Saturday, February 8, 2014

Counting the votes: A hypothetical Tale




There is nothing mysterious about voting. We vote with our pocketbooks every time we buy something.

People who own businesses do surveys of their customers all the time. Getting the numbers right are important because business decisions and investments will be based on the assumptions that the numbers that the results are correct.

Imagine a restaurant chain that serves two deserts- cheese cake and apple pie on Friday nights. Because Friday nights are crowded, they don’t know which they make more money on. So, they decide to do a survey.

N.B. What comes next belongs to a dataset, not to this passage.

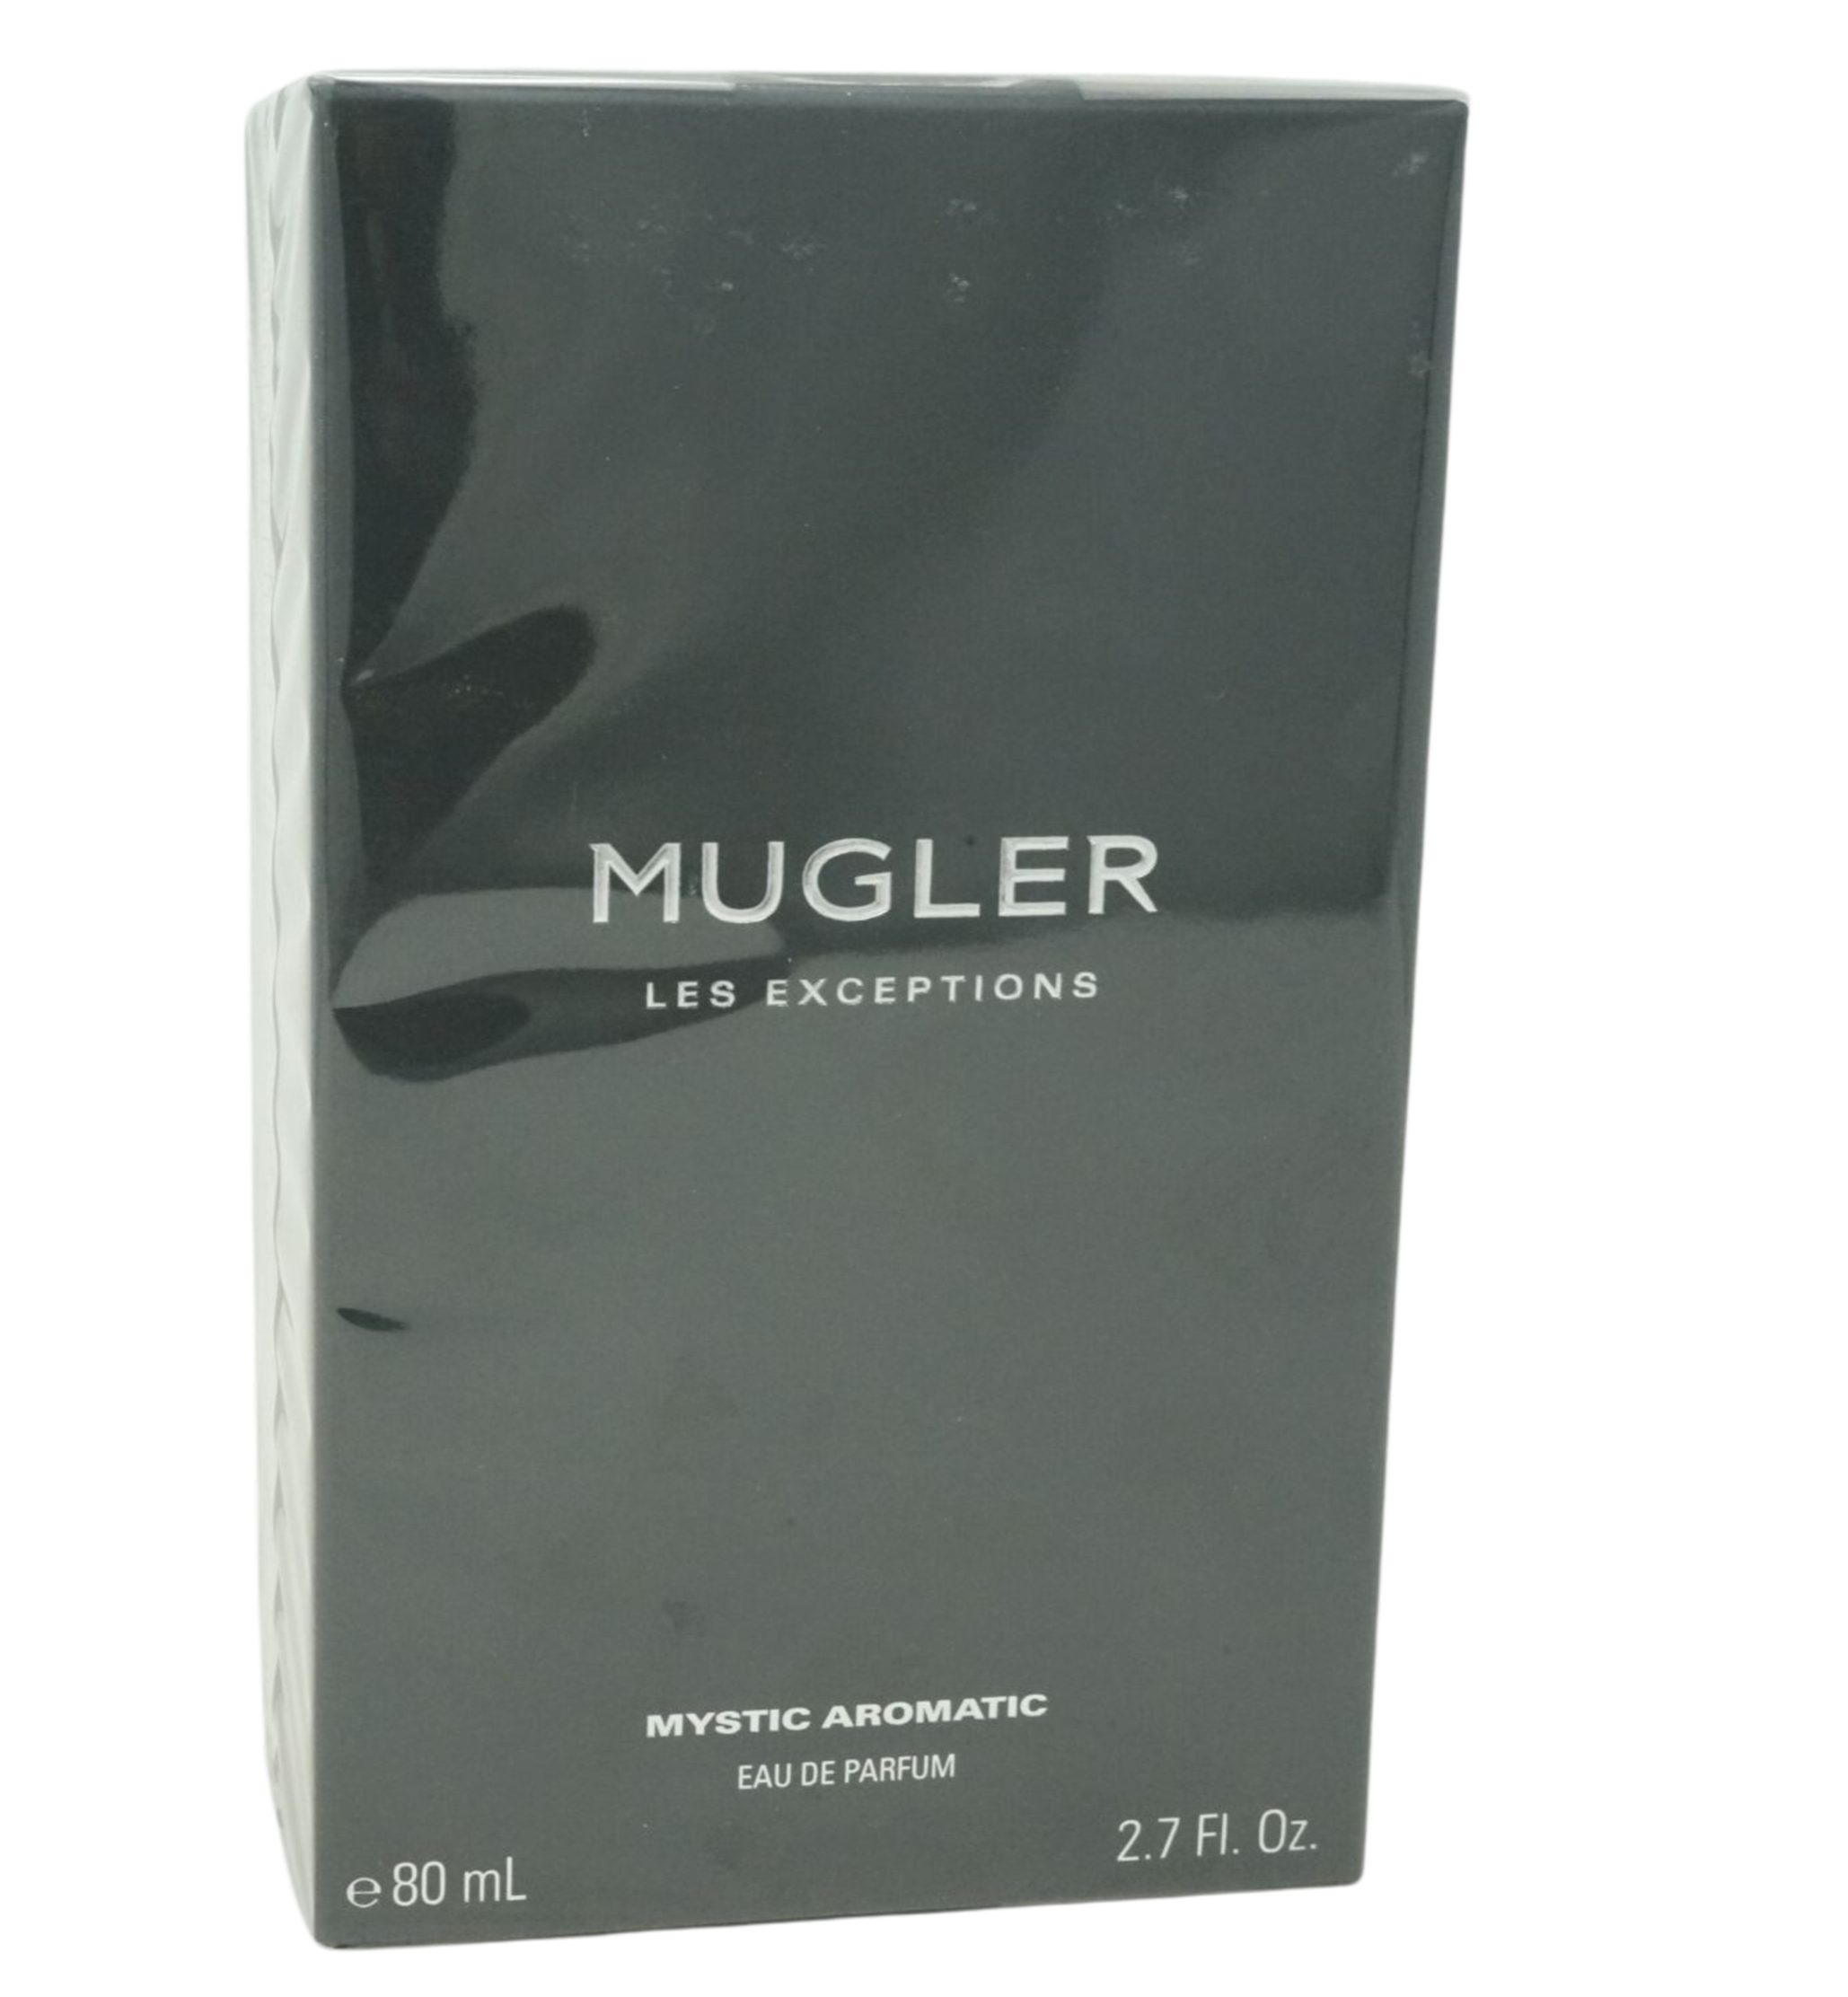 Thierry Mugler Eau de Parfum Thierry Mugler Les Exceptions Mystic Aromatic Eau de parfum 80ml

The central office could decide how the counting should be done and have all stores do it the same way. Each store should decide how to do it the way it wants. Some stores could count the receipts and other stores might buy computers and survey counting computer software

They could count the number of apple pies and also chocolate pies bought on Friday night from the sales slips

Get a computer whiz who works at the restaurant to write at the bar to write a program
Get some clerks in their down time to make sure the results of the computer are the same as the results of counting the slips

-Between these two extremes there are different option
-Train people to ave check each of the steps of the computer program and
   • make sure the deserts are copied correctly
   • make sure none of them are missed
   • none of them are coped twice
- Decide what to do about biases like the restaurant gives chocolate cake for birthdays, chocolate cakes are more often shared, most waiters like chocolate cakes a lot better.

A committee of representatives from each store is tasked with recommending what method should be used. To make sure that they covered everything they examined machines and software that has been built for polling and surveys. They learn that prices vary widely, that you can buy just software and hardware (computers). The biggest companies do not let you see the programs they wrote. 
“ How do we test them to make sure they work for what we are doing?”
“ We have experts that are trained to do that, so you don’t need to worry about that. That’s the beauty of our solution. We do it all”
“ How would we know if you made a mistake”?
“ We don’t make mistakes”

The company lawyer has a few words to say.
"Business relationships are of course based on trust, gentlemen and trust is earned. We would , of course be prepared to sign a nondisclosure agreement and consider your system despite its high cost, and then if it worked, which I assume it would, endorse your product. Can we get past this and move further."
  "I’m afraid that’s out of the question".

  A puzzled look crosses the lawyers face. In all my years dealing vendors. I have never been asked to spend millions of dollars on a product that I know nothing about. Who are your usual clients? the government?